Hi dev team, I have a question regarding the Run class's 'finished' property. Is it supposed to be 'True' when a run fails prior to the end step? In my testing, it remained 'False' after I ran a flow that failed in an intermediate step. I brought up the issue on github and go into more detail there. I thought here might also be a good place to discuss. My apologies if discussion should be left to the github issue. Thank you for your time!

✅ 1

ancient-application-36103

08/09/2022, 4:12 AM

Hey Chris! Thanks for creating the issue!

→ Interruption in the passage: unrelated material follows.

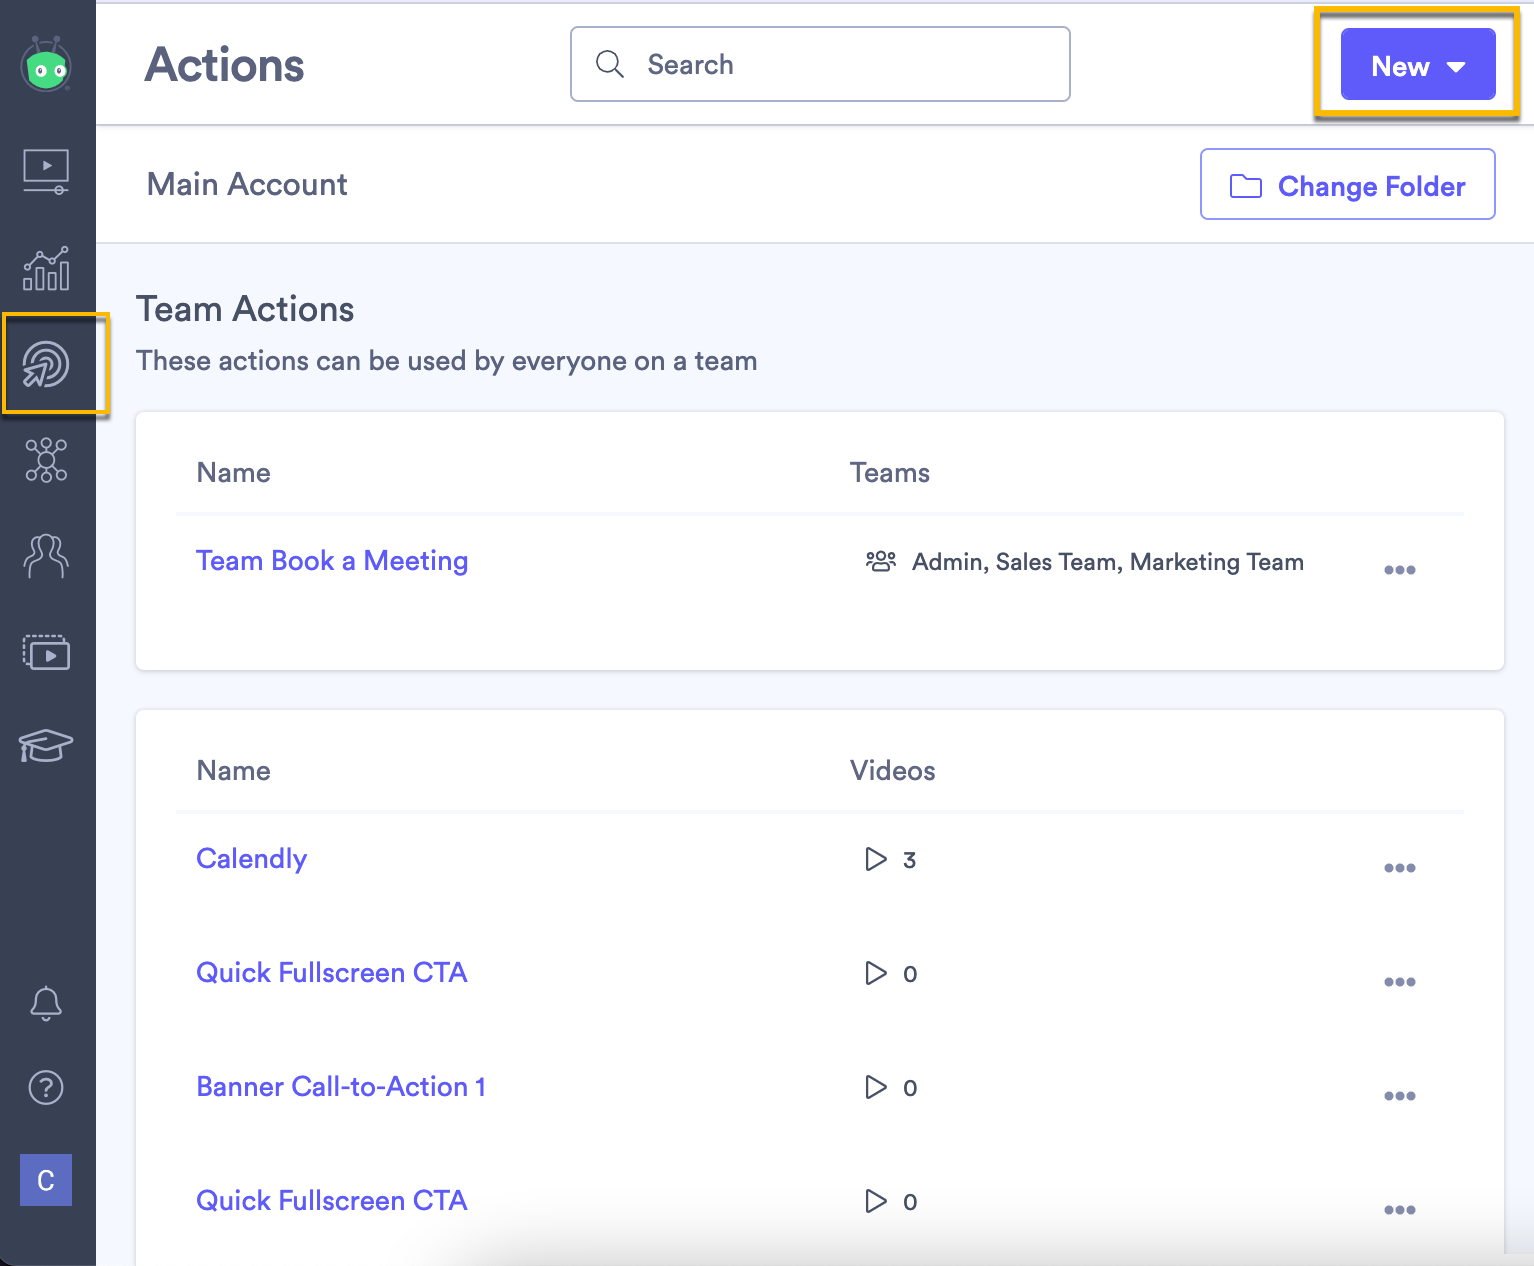 Library of Actions with New Action selected
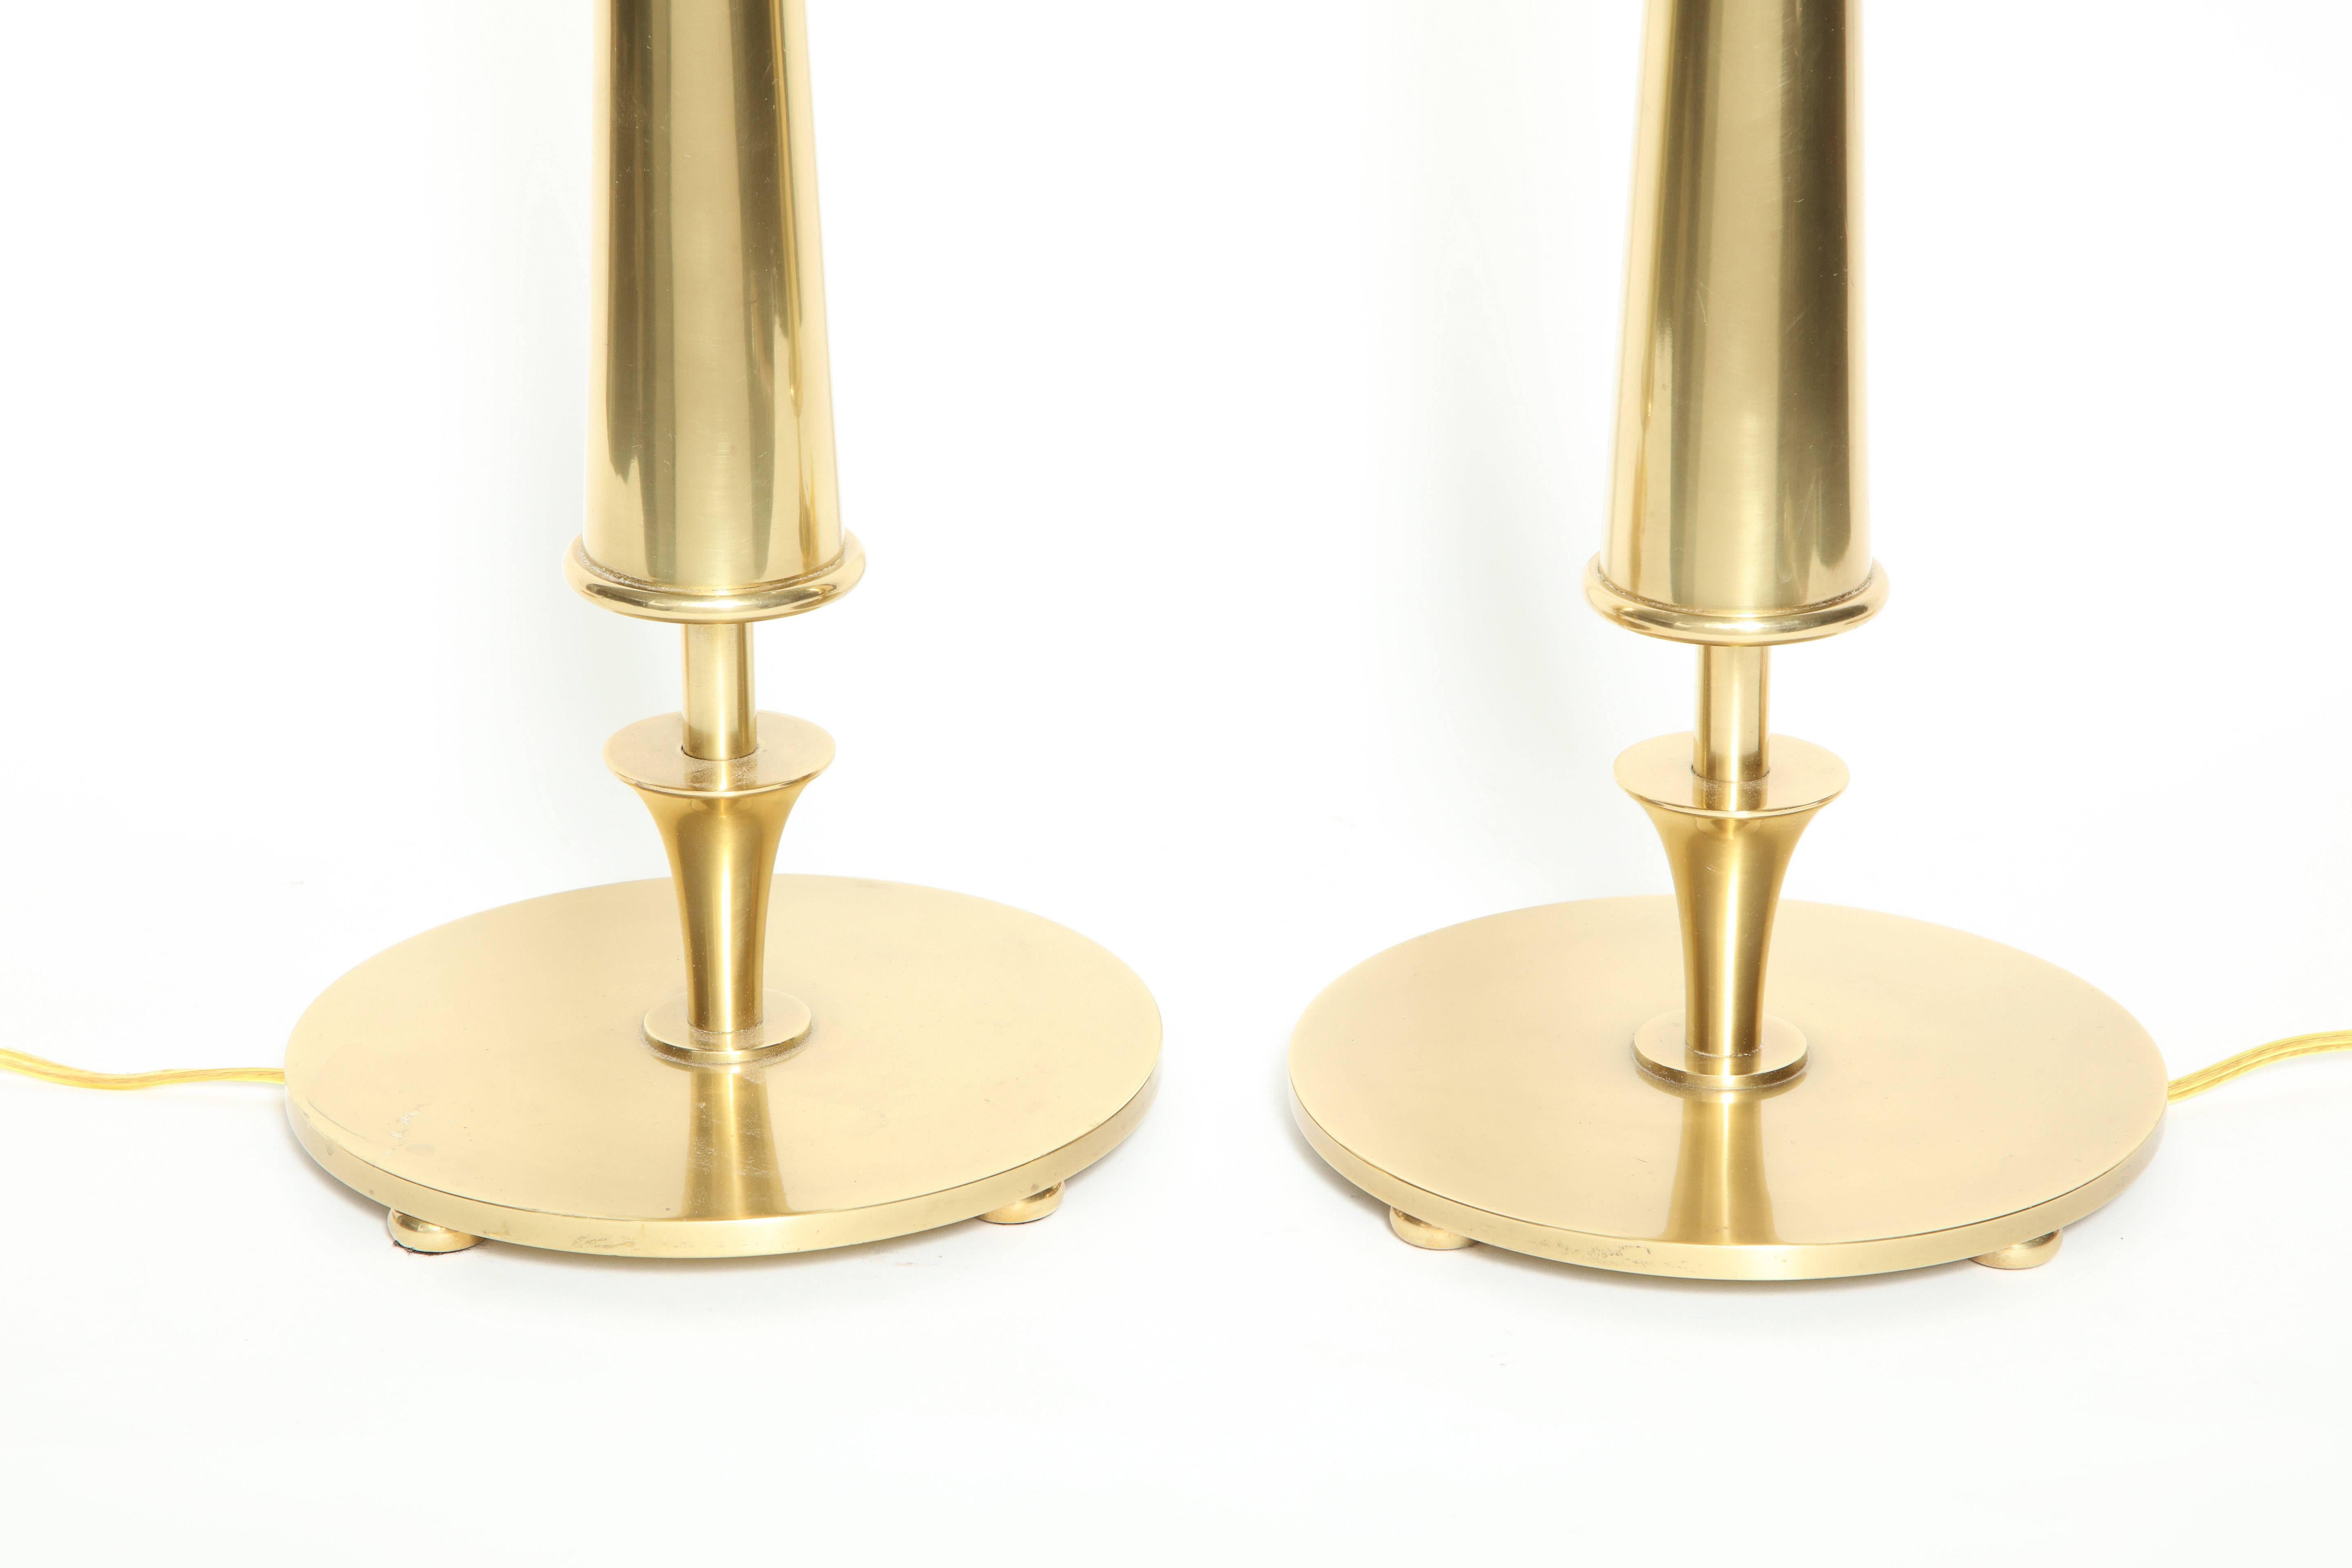 Modernist lamps with round bases and conical stems. Rewired.

This (or GH) is indeed the right place to discuss this issue.

ancient-application-36103

08/09/2022, 4:13 AM

Let me quickly read through the issue.

ancient-application-36103

08/09/2022, 4:17 AM

As you pointed out in the issue - determining that a run has indeed failed can often times be difficult to assess without any heuristic. We should definitely fix the doc string for

finished

to reflect this issue.

ancient-application-36103

08/09/2022, 4:20 AM

finished

as currently defined in the API docs -

Copy code

Indicates whether or not the run completed.
A run completed if its 'end' step completed.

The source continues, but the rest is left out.